*Exercise instructions*
What you write should match, word for word, the lines from the one containing "Feuerwehrverein wählt neue Führung" through the end of the data, with no pictures.

*Available data*
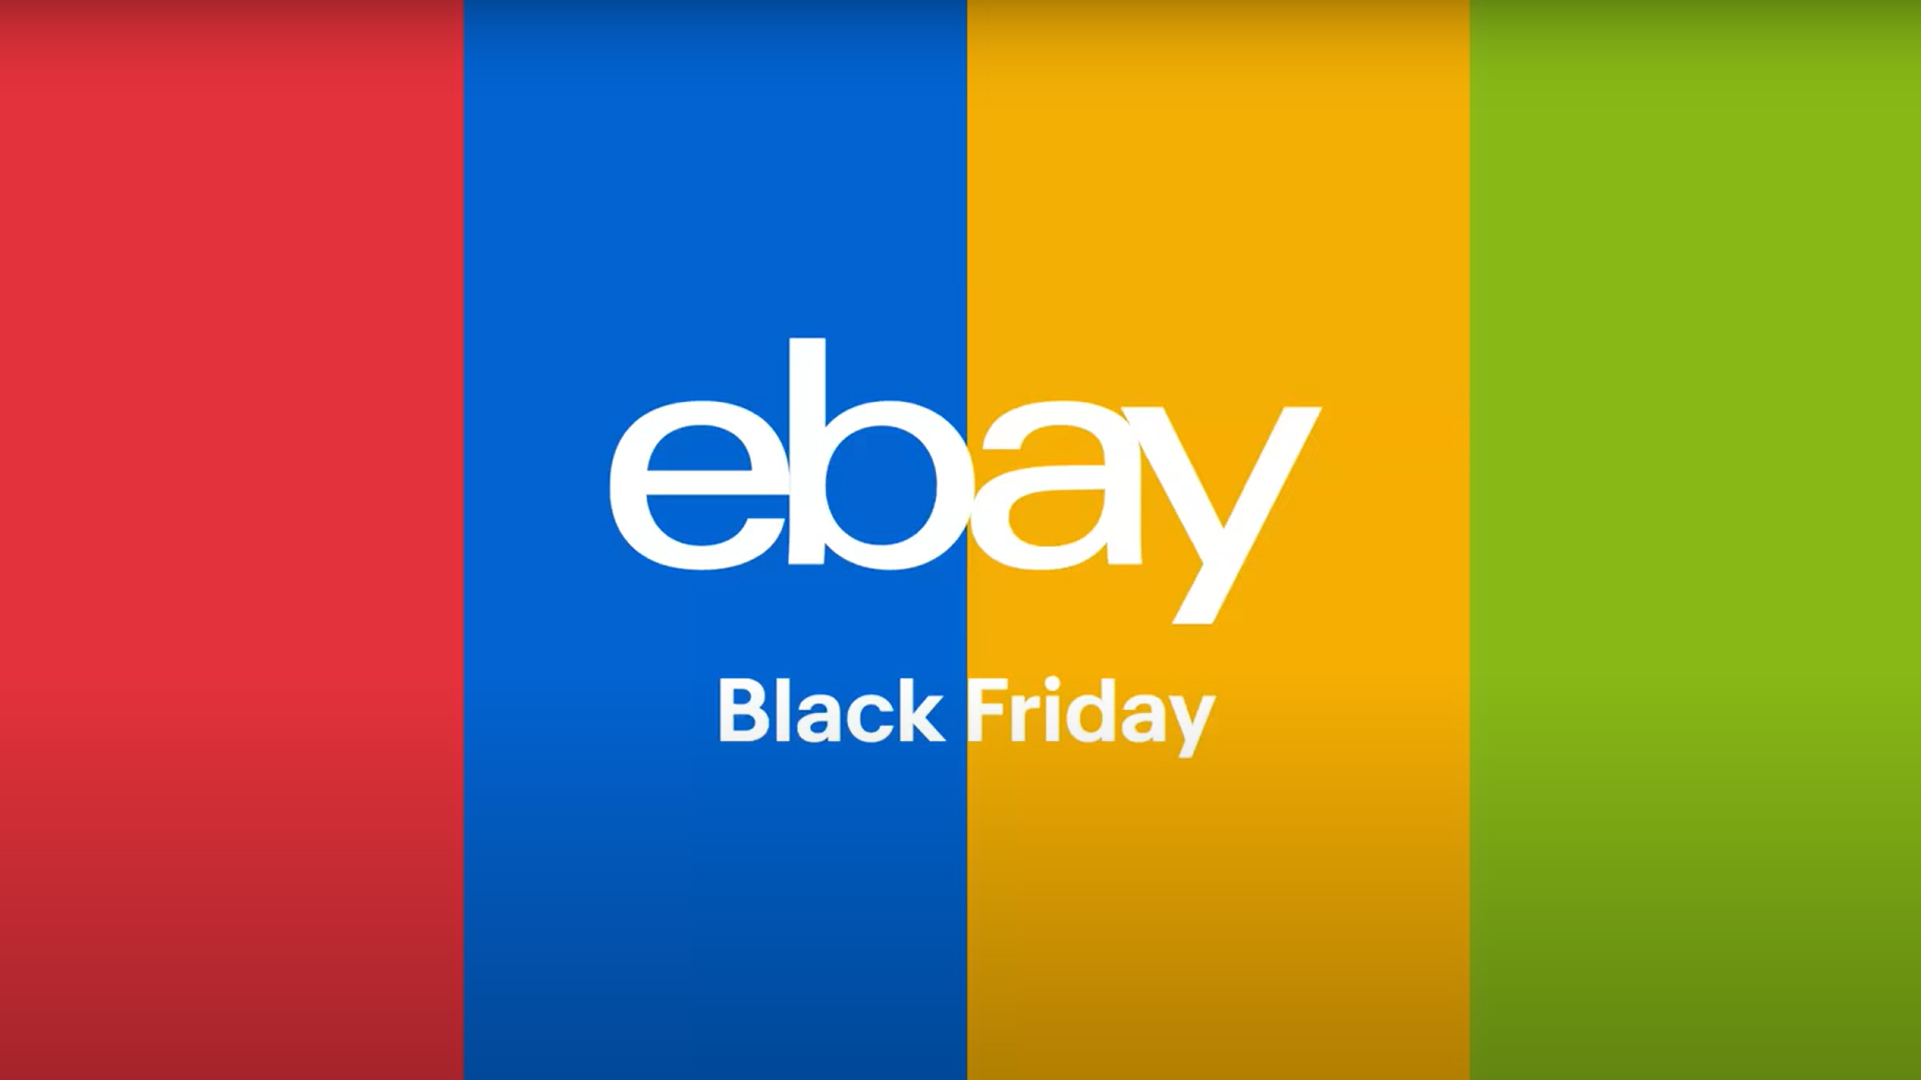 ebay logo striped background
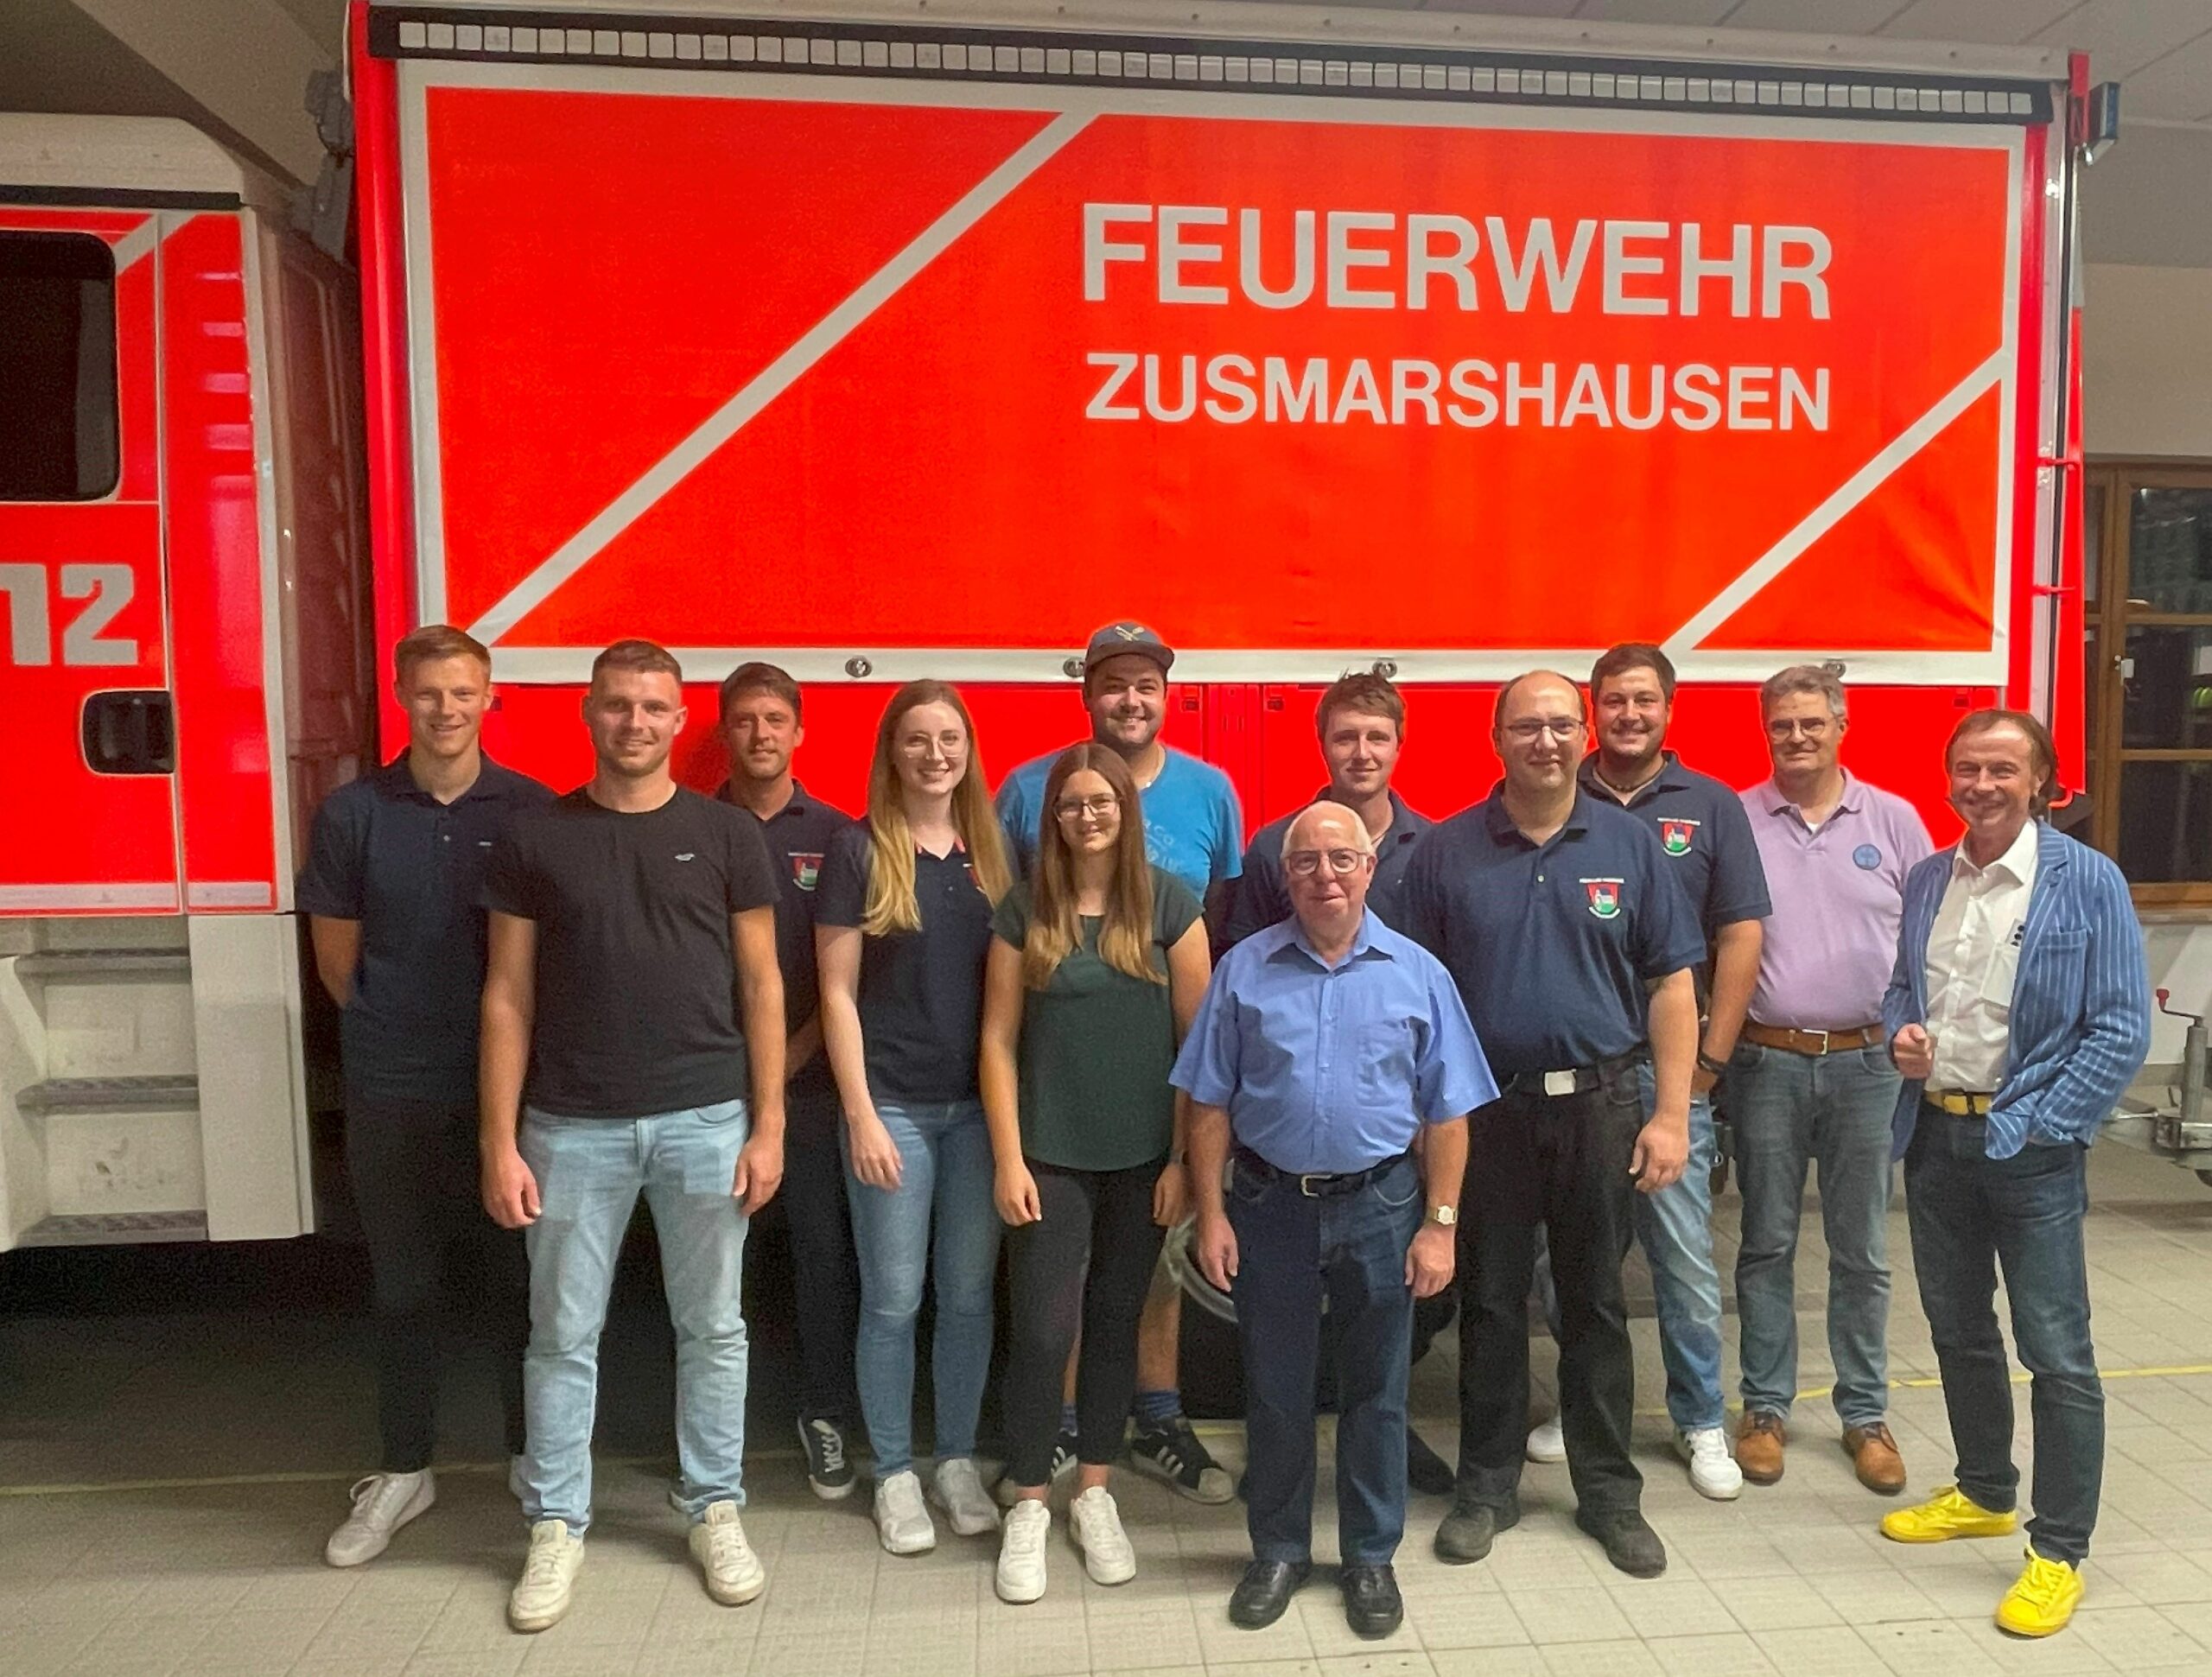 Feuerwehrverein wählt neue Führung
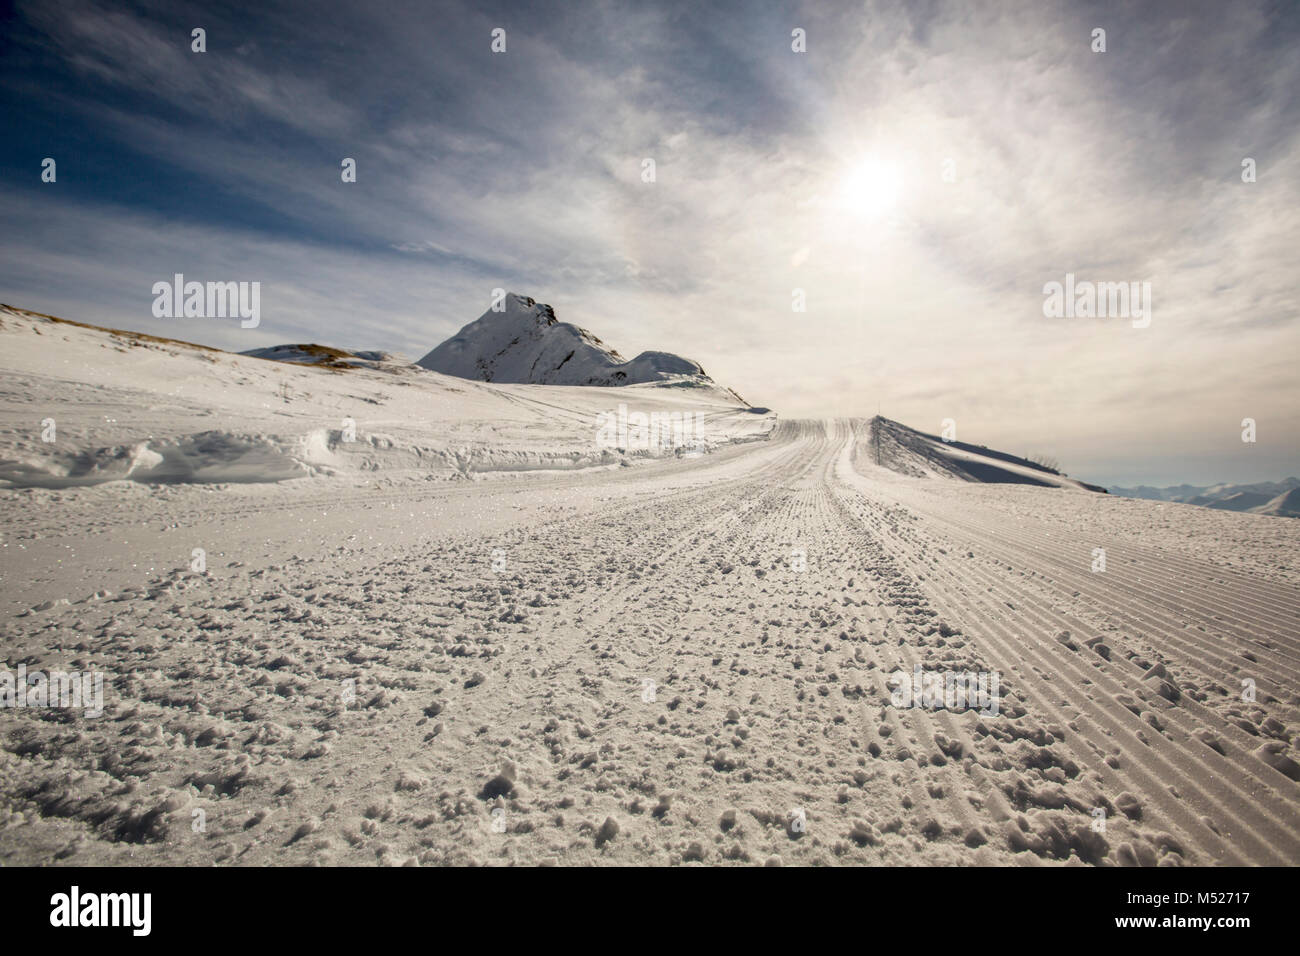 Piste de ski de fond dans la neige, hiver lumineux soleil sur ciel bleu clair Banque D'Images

*Answer section*
 Feuerwehrverein wählt neue Führung
 Piste de ski de fond dans la neige, hiver lumineux soleil sur ciel bleu clair Banque D'Images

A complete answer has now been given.